Matematika wrote: Find all positive integers $a$, $b$, $n$ and prime numbers $p$ that satisfy $ a^{2013} + b^{2013} = p^n\text{.}$ Author: Matija Bucić Let $a=p^x \cdot y,b= p^z \cdot t$ with $x,y,z,t \in \mathbb{N}, \; t,y \ge 1$ and $\gcd(y,p)=1, \; \gcd(t,p)=1$. Without loss of generality, assume that $x \ge z$. From the equation we obtain \[t^{2013}+p^{2013x-2013z} \cdot y^{2013}= p^{n-2013z}\] If $x>z$ then $p \nmid LHS$. Therefore $p \nmid p^{n-2013z}$ implies $n=2013z$. Thus, $t^{2013}+p^{2013x-2013z} \cdot y^{2013}=1$, a contradiction. Thus, $x=z$. It follows that \[t^{2013}+y^{2013}=p^{n-2013x}=p^k \; (k=n-2013z \in \mathbb{N}^*)\] By applying LTE theorem we have \[\begin{array}{l} v_p \left( t^{2013}+y^{2013} \right) = v_p(2013)+v_p(t+y) \\ k=v_p(2013)+v_p(t+y) \end{array}\] Case 1. If $\gcd (p,2013)=1$ then $v_p(t+y)=k$. Let $t+y=p^k =y^{2013}+t^{2013}$. Therefore $t+y=t^{2013}+y^{2013}$. We obtain $t=y=1$ implies $p=2,a=b=2^k,n=2013k+1$. Case 2. If $\gcd (p,2013) \ne 1$ then $p \in \{ 3;11;61 \}$. Therefore $v_p(2013)=1$. It follows that $k-1=v_p(t+y)$. Let $t+y=p^{k-1}$. Therefore $A= t^{2012}-t^{2011}y+ \cdots +y^{2012}=\frac{t^{2013}+y^{2013}}{y+t}=p$. That means $A < t+y$ or $t^{2013}+y^{2013} < (t+y)^2$. It follows that $t=y=1$. Thus, $p=2$, a contradiction. In conclusion, thw solution is $\boxed{ (a,b,n,p)= \left( 2^k,2^k,2013k+1,2 \right)}$ forall $k \in \mathbb{N}$.

admin25 wrote:

It must be $ \boxed{(a, b, p,n)=(2^k, 2^k, 2, 2013k+1)} $ not $ \boxed{(a, b, n, p)=(2^k, 2^k, 2, 2013k+1)} $.

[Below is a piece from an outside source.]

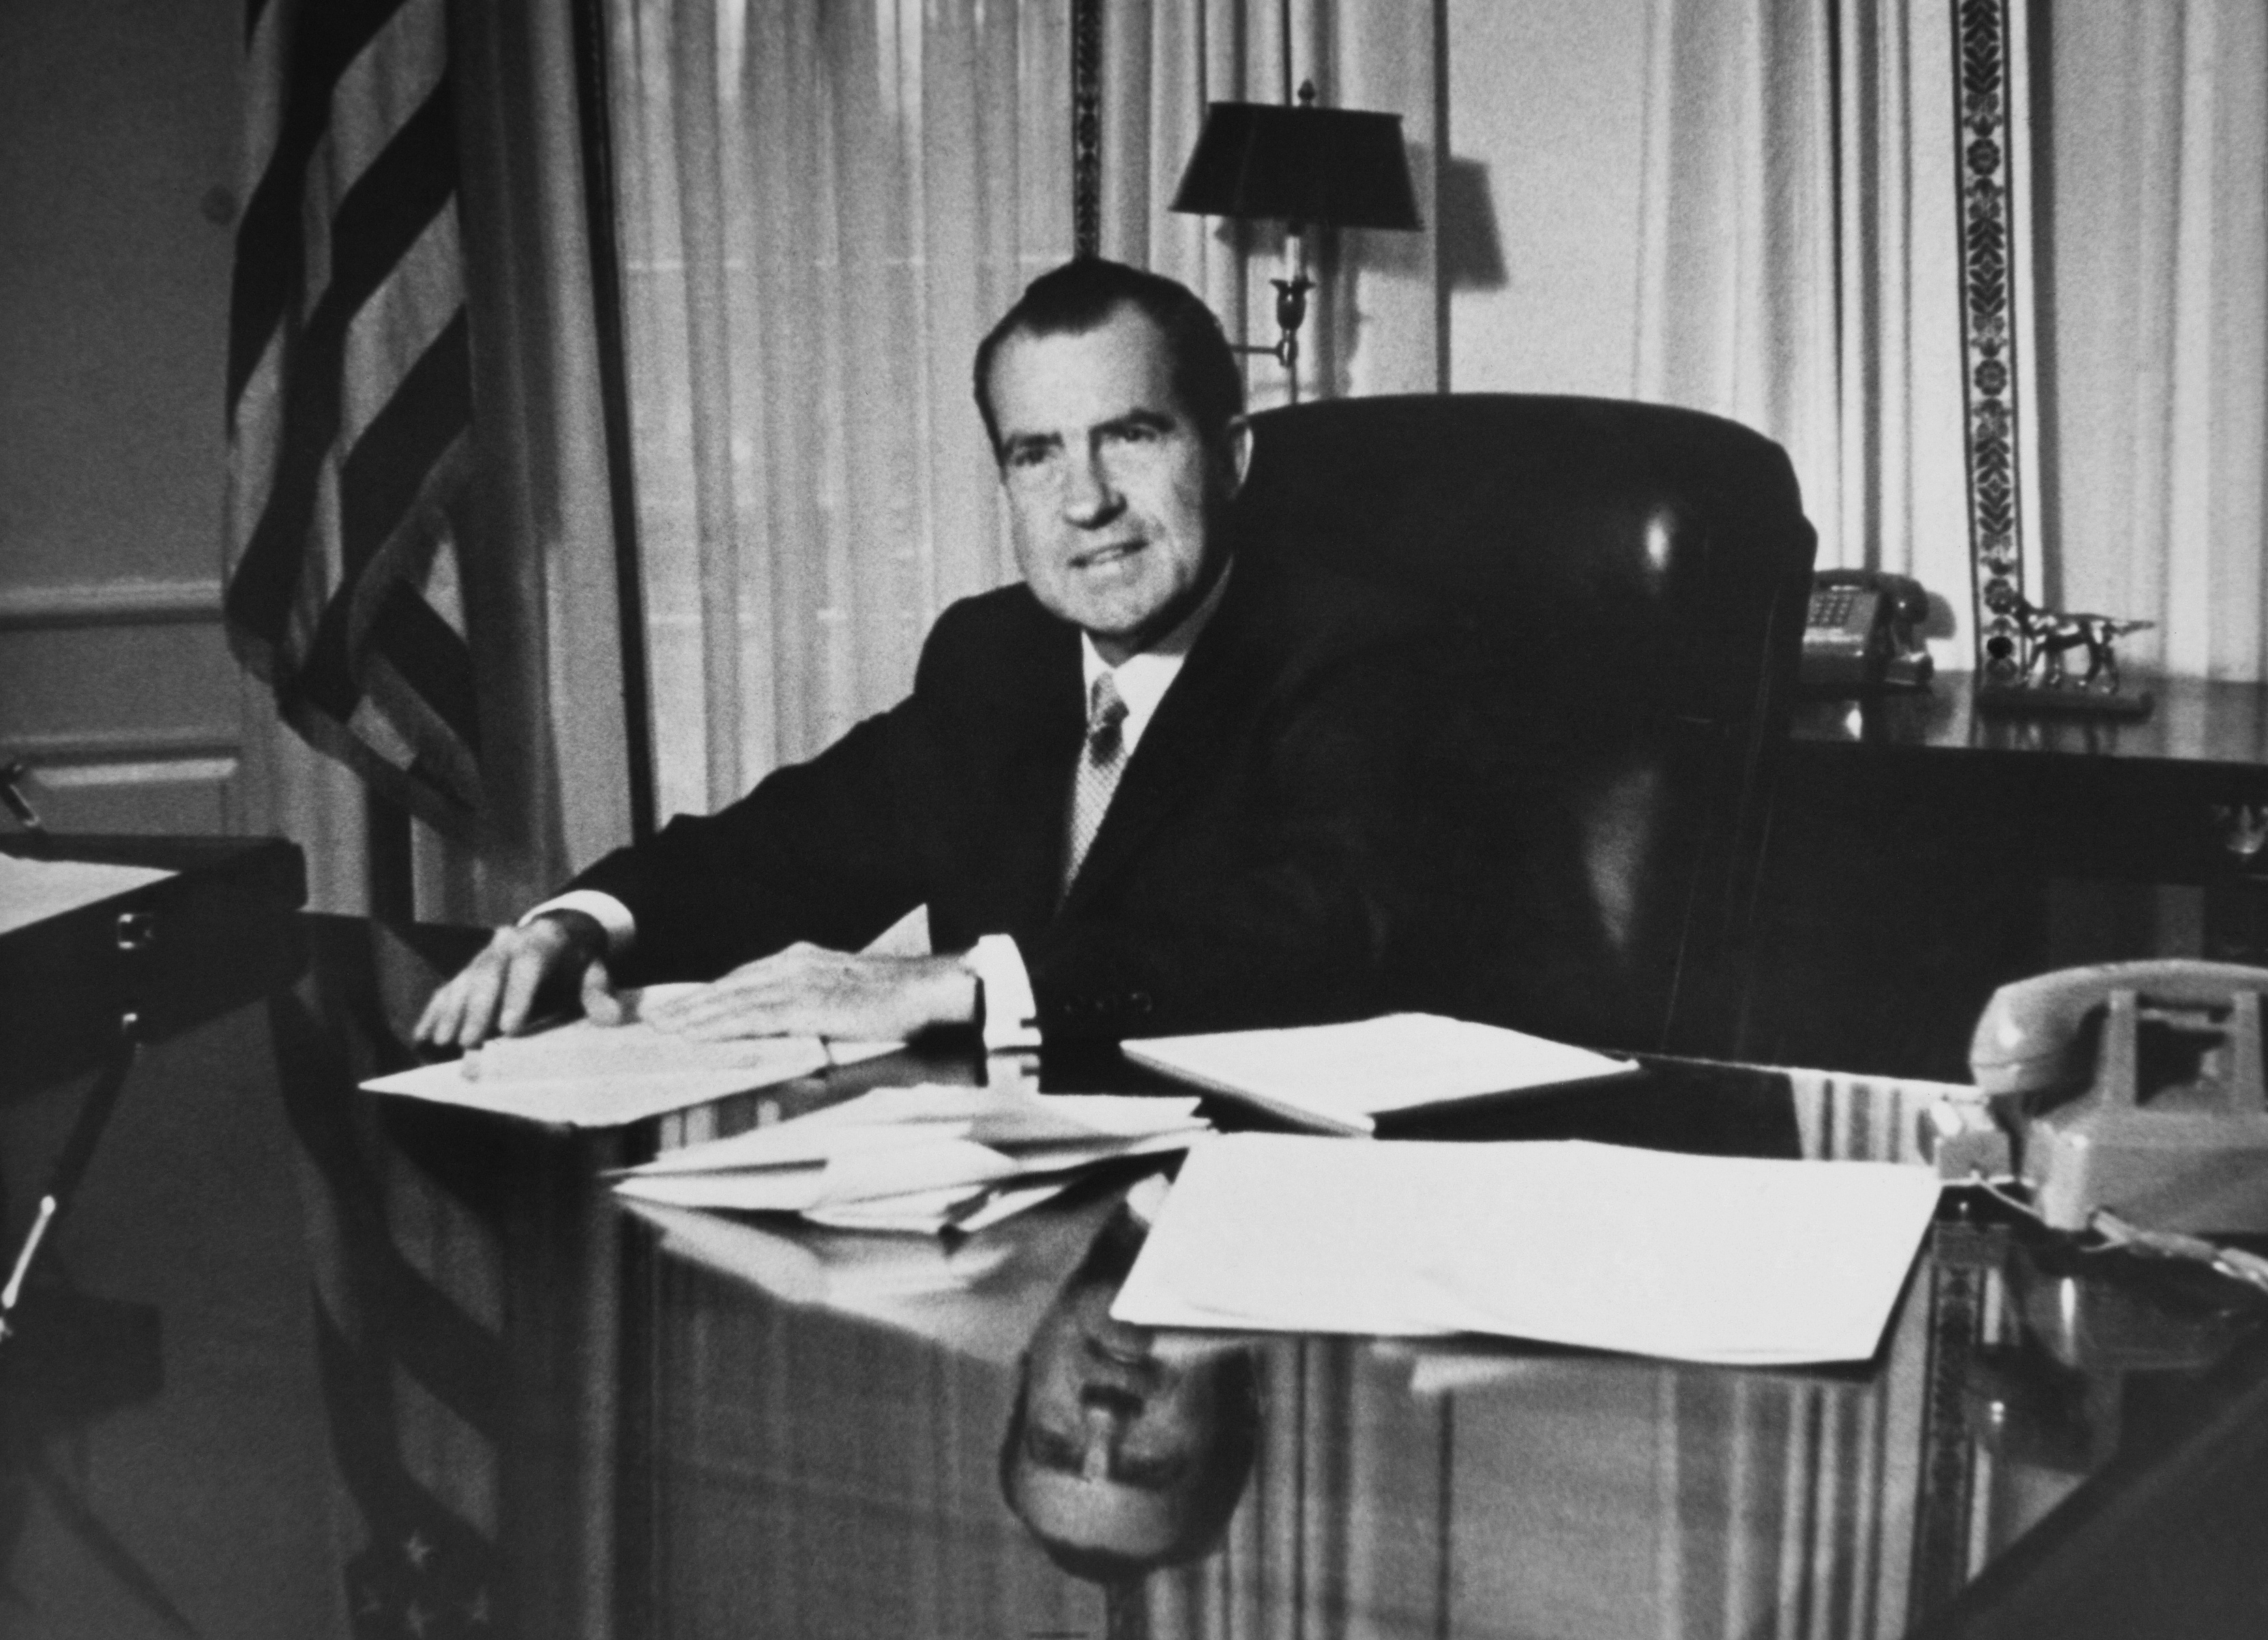 President Nixon at the White House in 1969 (Gamma-Keystone via Getty Images)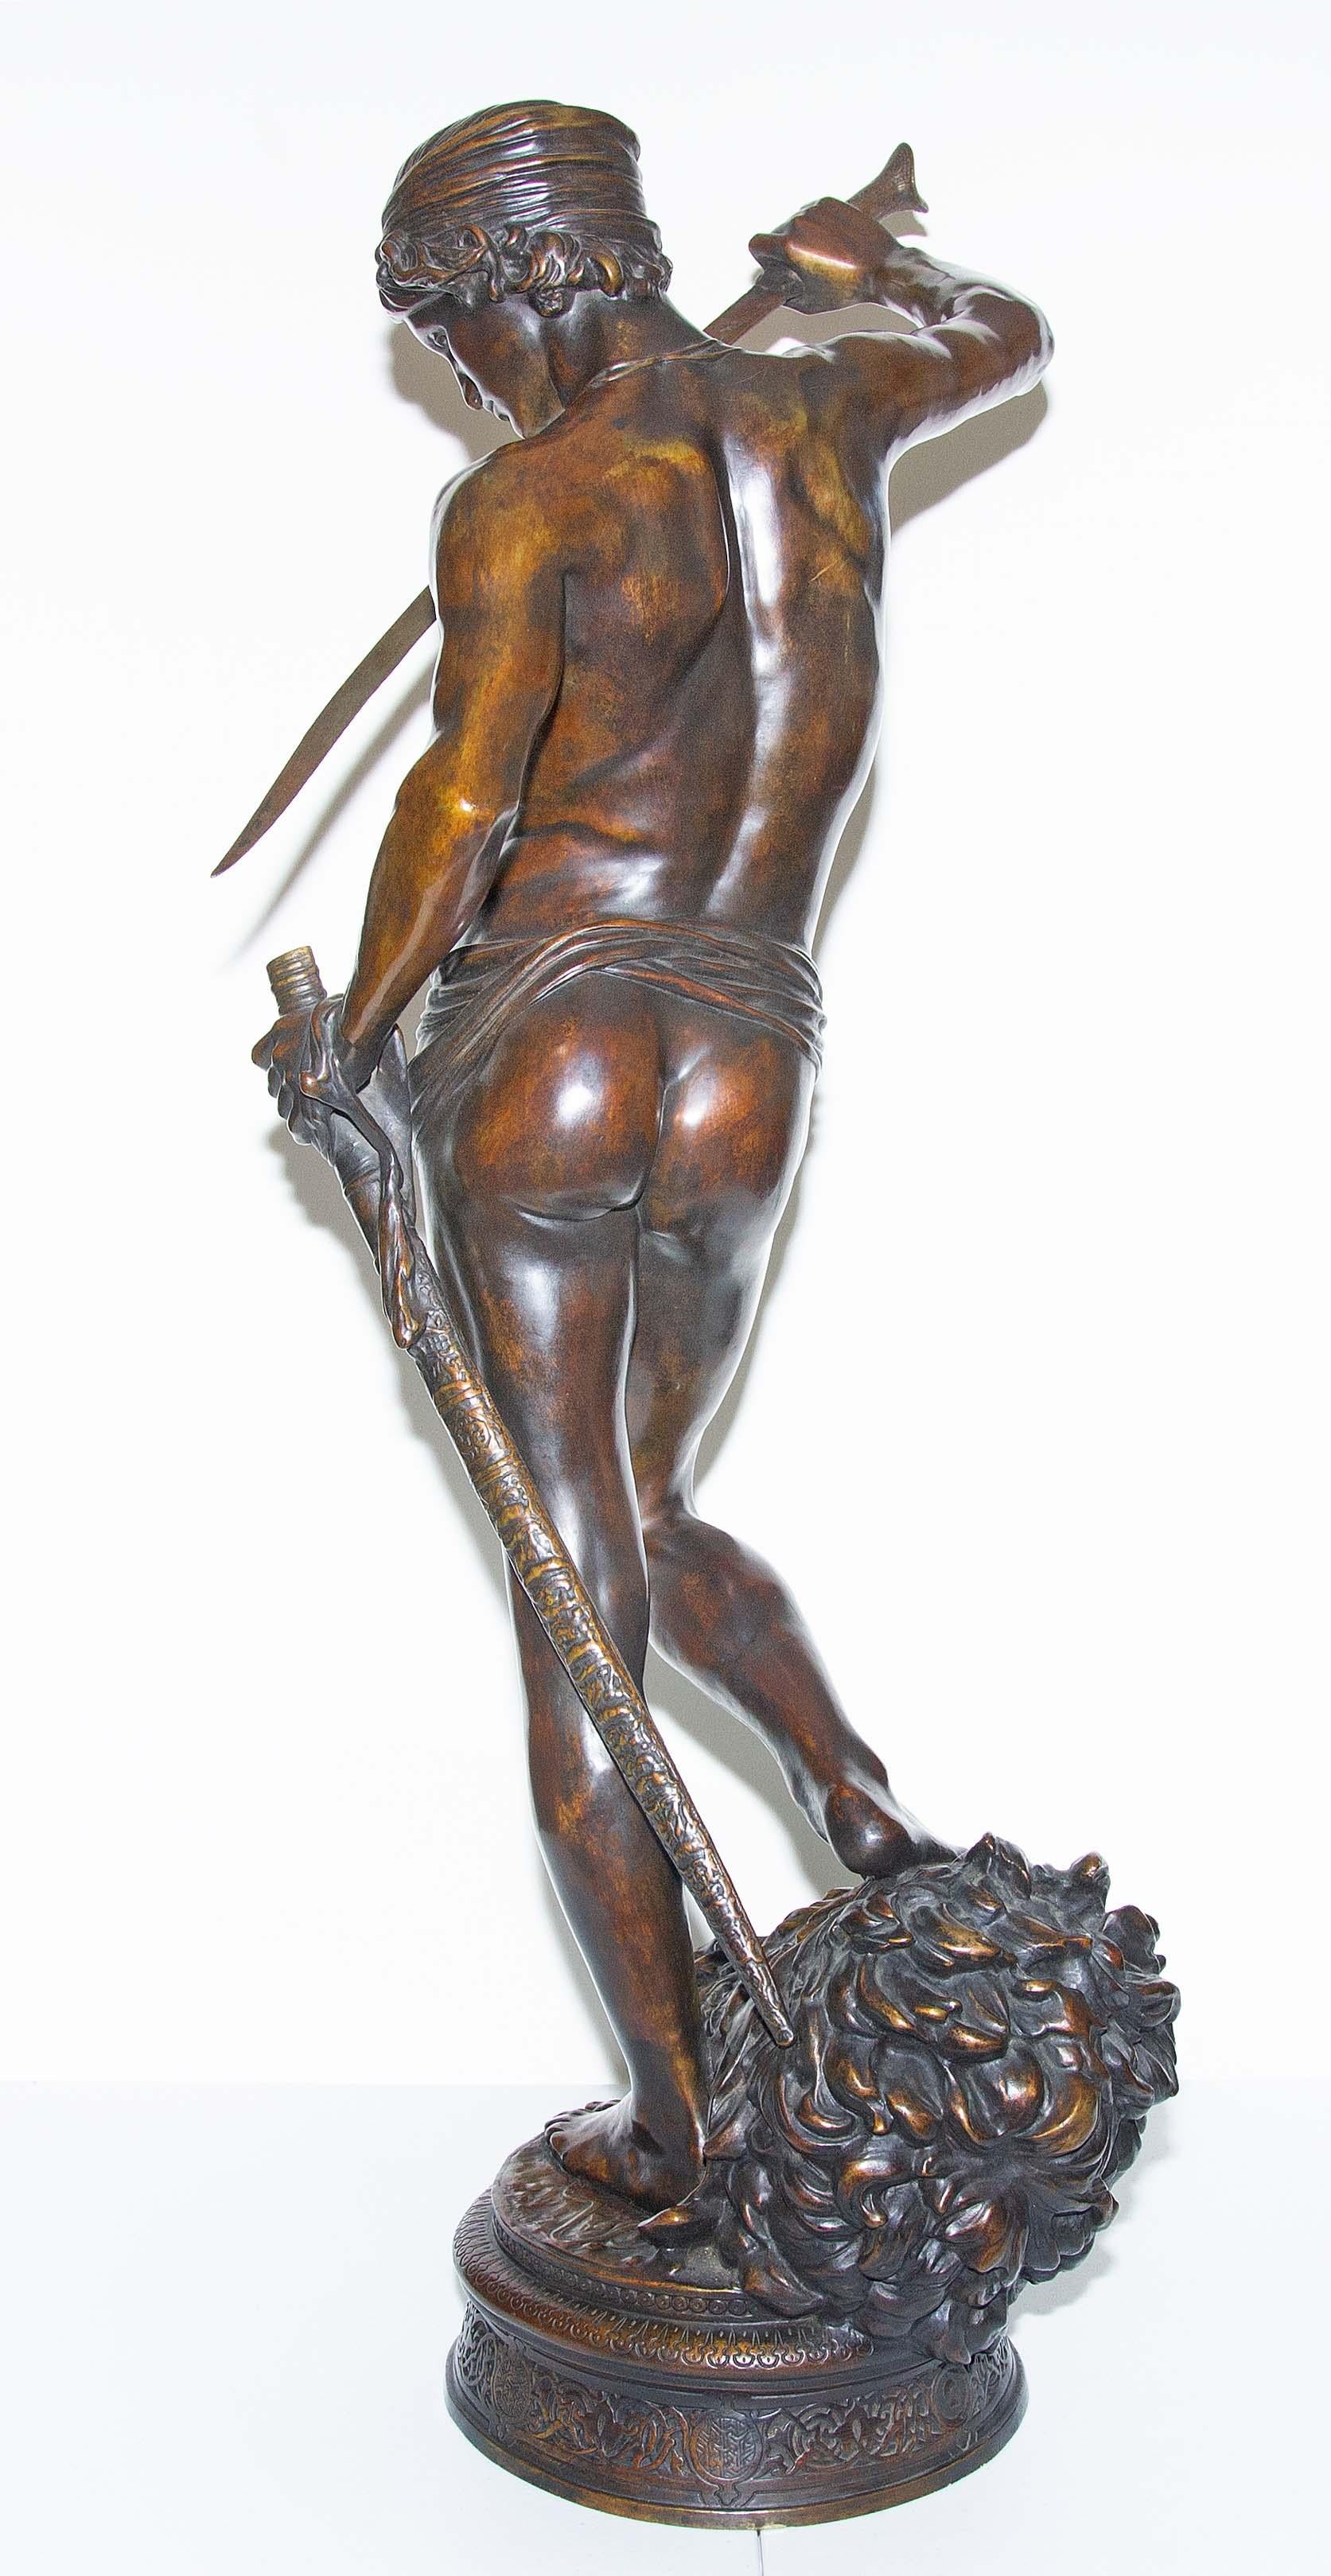 Fine French orientalist bronze statue of David after the battle with Goliath by Antonin Mercie. This subject received the Medal of Honour when it was shown at the Paris Salon des Beaux Arts. Late 19th century. 42

This can be generalized to: $a^n+b^n=p^k$ has solutions: $(a,b,p,n)=(2^{\frac{k-1}n},2^{\frac{k-1}n},2,k),(2\cdot3^r,3^k,3,3r+2)$.

Zsigmondy's Theorem and boom. The exceptional cases yield the solutions.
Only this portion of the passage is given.